NVIDIA, AI & Quantum Leaders Drive Health Tech: 2 Stocks to Buy

NVIDIA, AI & Quantum Leaders Drive Health Tech: 2 Stocks to Buy

The global AI in healthcare market is experiencing explosive growth. According to a Fortune Business Insights report, the market is projected to scale from $39.25 billion in 2025 to approximately $504.17 billion by 2032, at a CAGR of 44.0%. Such growth is expected to be driven by rising demand for AI-enabled diagnostics, imaging, drug discovery, clinical workflow automation, and remote patient monitoring — areas where traditional systems are increasingly inadequate.

With technology giants aggressively moving into the space, select MedTech players are also emerging as prime beneficiaries. Two such names, Butterfly Network BFLY and Omnicell OMCL, stand out as well-positioned stocks that investors should keep on their radar to capture this transformative trend. Let’s delve deeper.

Big tech players are aggressively positioning themselves to capture this upside. NVIDIA NVDA led the charge through multiple strategic moves. For example, its collaboration with IQVIA leverages agentic AI to automate complex workflows across clinical research and life sciences, combining IQVIA’s domain data and analytics with NVIDIA’s AI Foundry services. Through its partnership with GE HealthCare and its Isaac for Healthcare platform, NVIDIA is pushing into autonomous medical-device functions —such as automated X-ray placement, ultrasound studies and image quality checks —enabling the simulation and virtual testing of physical AI systems before deployment.

Further, in its second-quarter 2025 Business Update, Palantir PLTR disclosed a partnership with TeleTracking, wherein its AIP (Artificial Intelligence Platform) will be used in hospitals to optimize staffing workflows, accelerate decision-making, and improve patient-centered care operations. The update shows that TeleTracking is integrating Palantir’s AIP tools to deliver near-real-time insights and support hospital command center operations to better manage capacity, staff resources and patient flow.

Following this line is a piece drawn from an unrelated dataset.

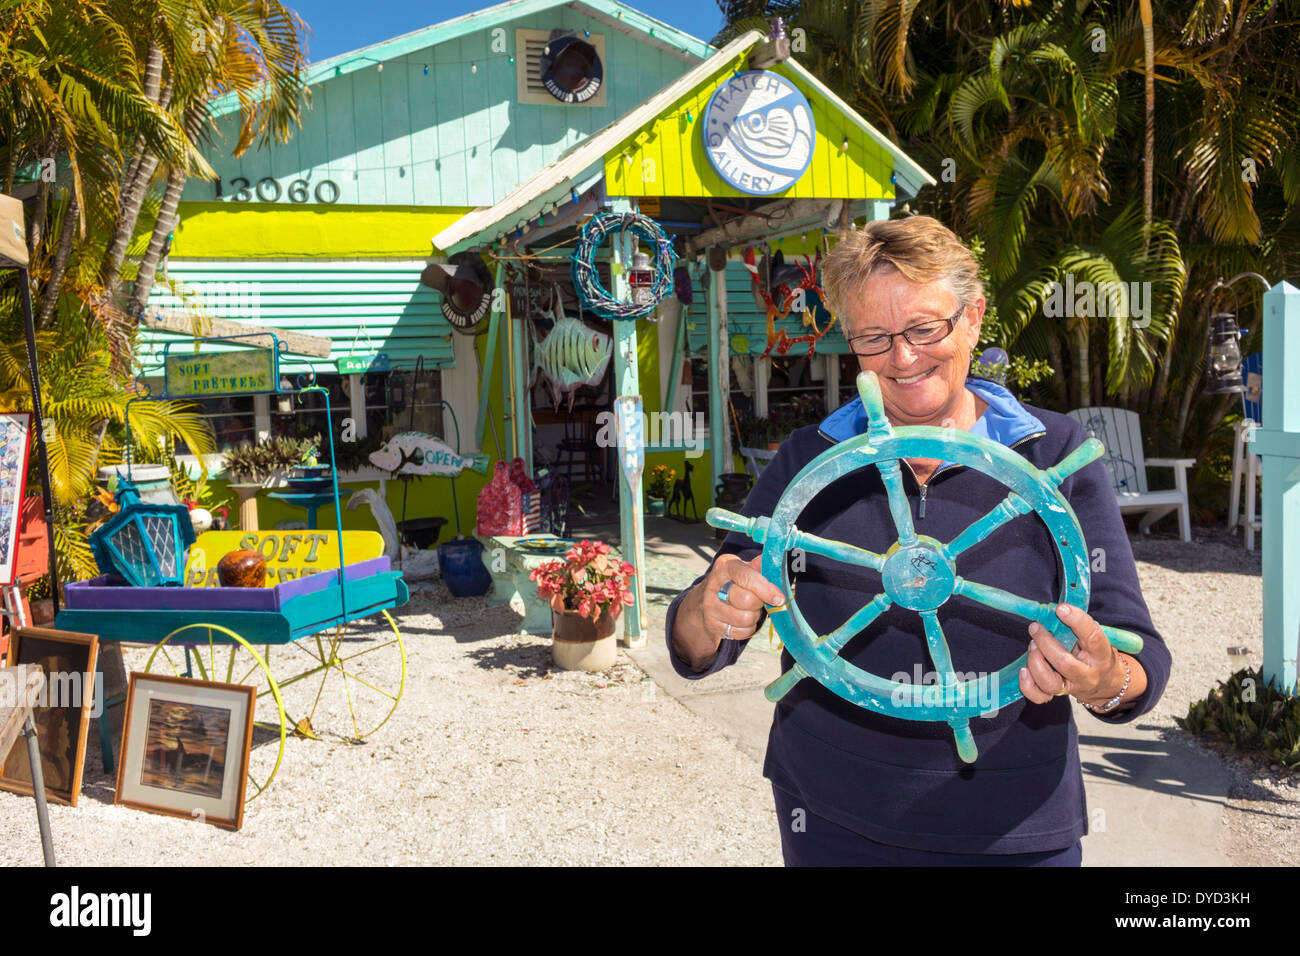 Port Charlotte Florida Harbor Placida Art Market sign Hatch Gallery shopping exterior colorful senior woman boat steering wheel - Stock Image

Quantum and cloud players, too, are collaborating in the drug discovery space. IonQ, alongside AstraZeneca, AWS and NVIDIA, demonstrated a hybrid quantum-classical workflow that ran a key reaction simulation about 20 times faster, highlighting how quantum can help cut bottlenecks in pharmaceutical R&D.

Meanwhile, classical and quantum infrastructure deals are also maturing. IBM IBM, in June, rolled out its advanced Quantum System Two next to Japan’s Fugaku supercomputer at RIKEN. This setup lets research groups and MedTech labs use powerful classical HPC and quantum hardware together in one place to handle big simulations and machine learning tasks.